[Start of Attachment]

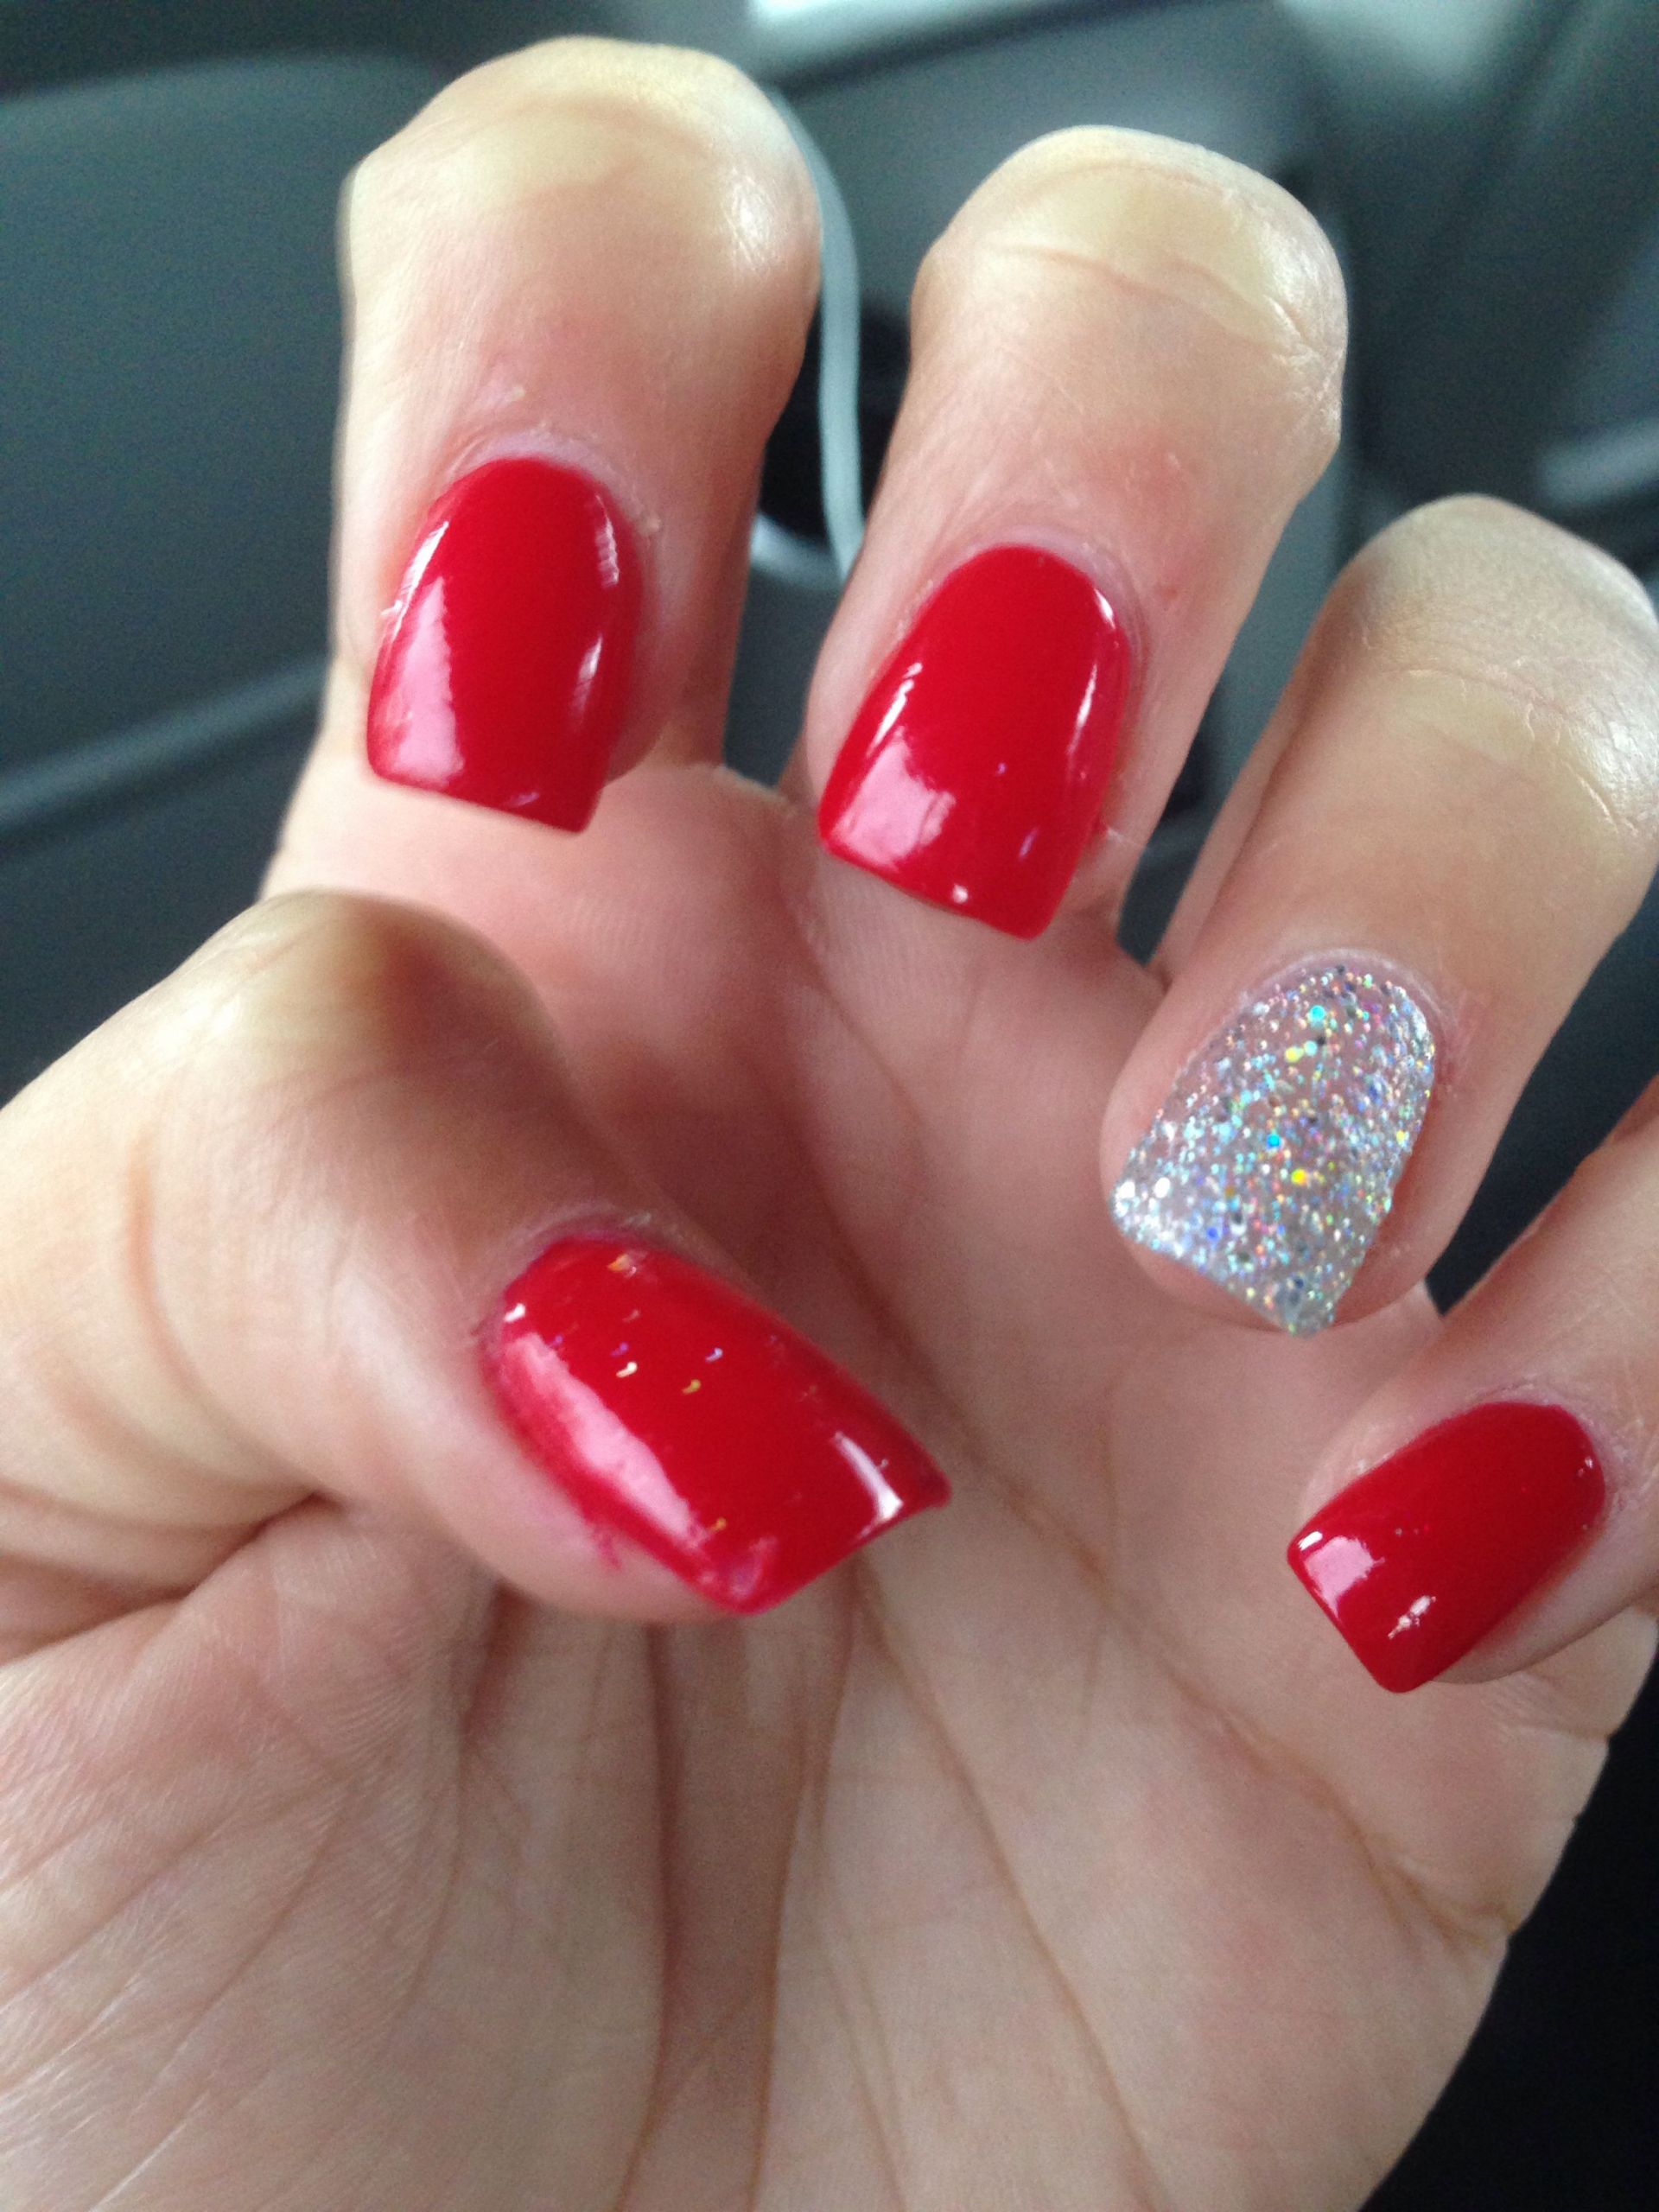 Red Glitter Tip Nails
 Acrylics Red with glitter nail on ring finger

[End of Attachment]
[Start of Attachment]

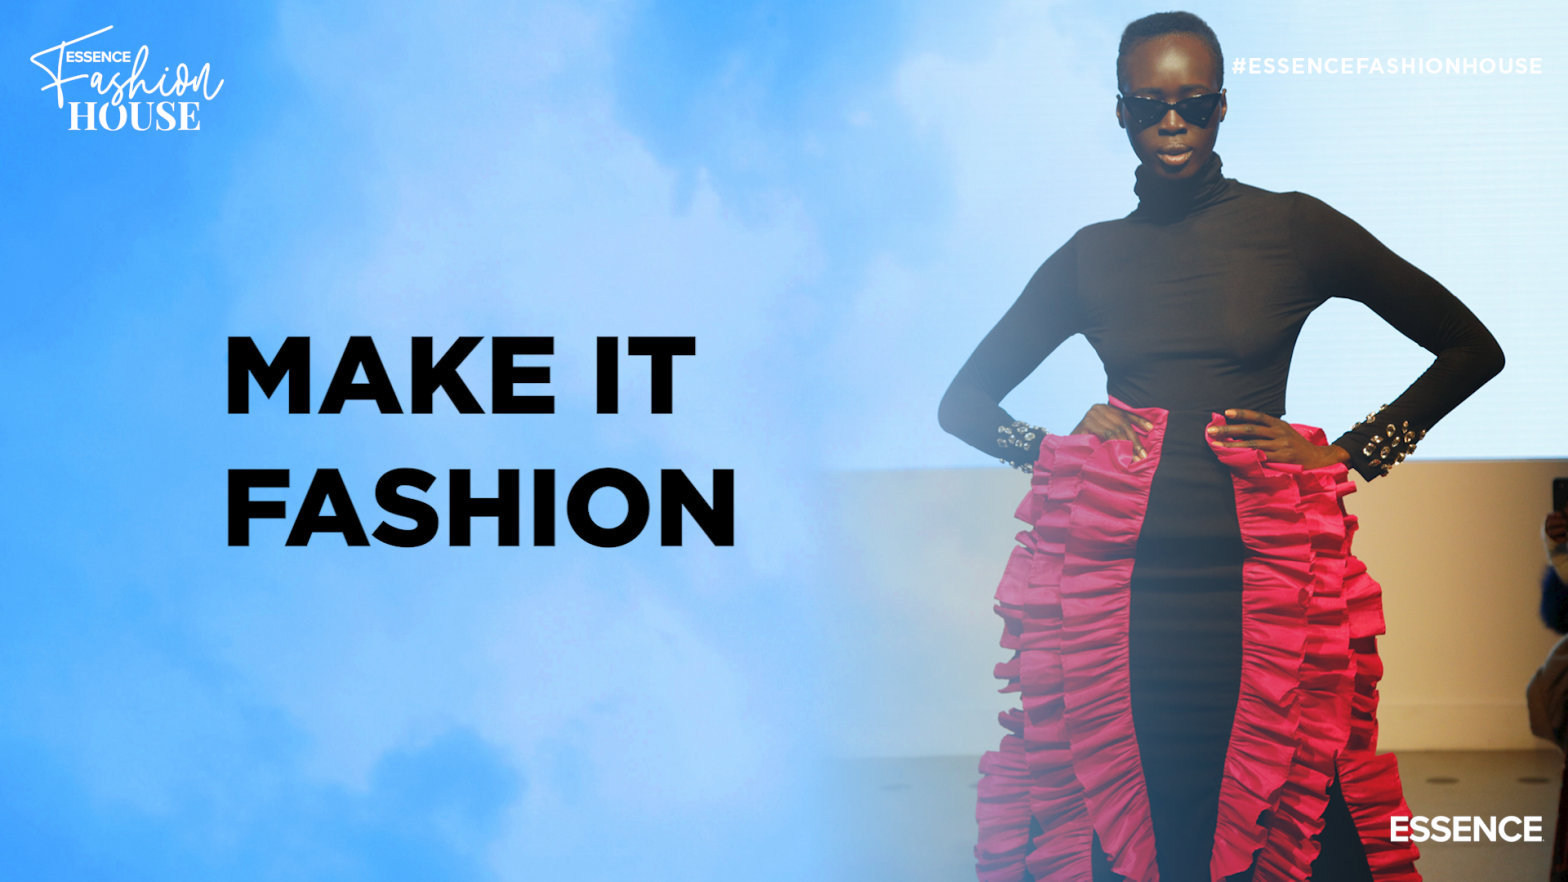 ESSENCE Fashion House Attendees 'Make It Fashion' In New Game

[End of Attachment]

Copy everything above from the line holding "Red Glitter Tip Nails" down to the line holding "Acrylics Red with", both ends included, exactly as it stands and without the pictures.

 Red Glitter Tip Nails
 Acrylics Red with glitter nail on ring finger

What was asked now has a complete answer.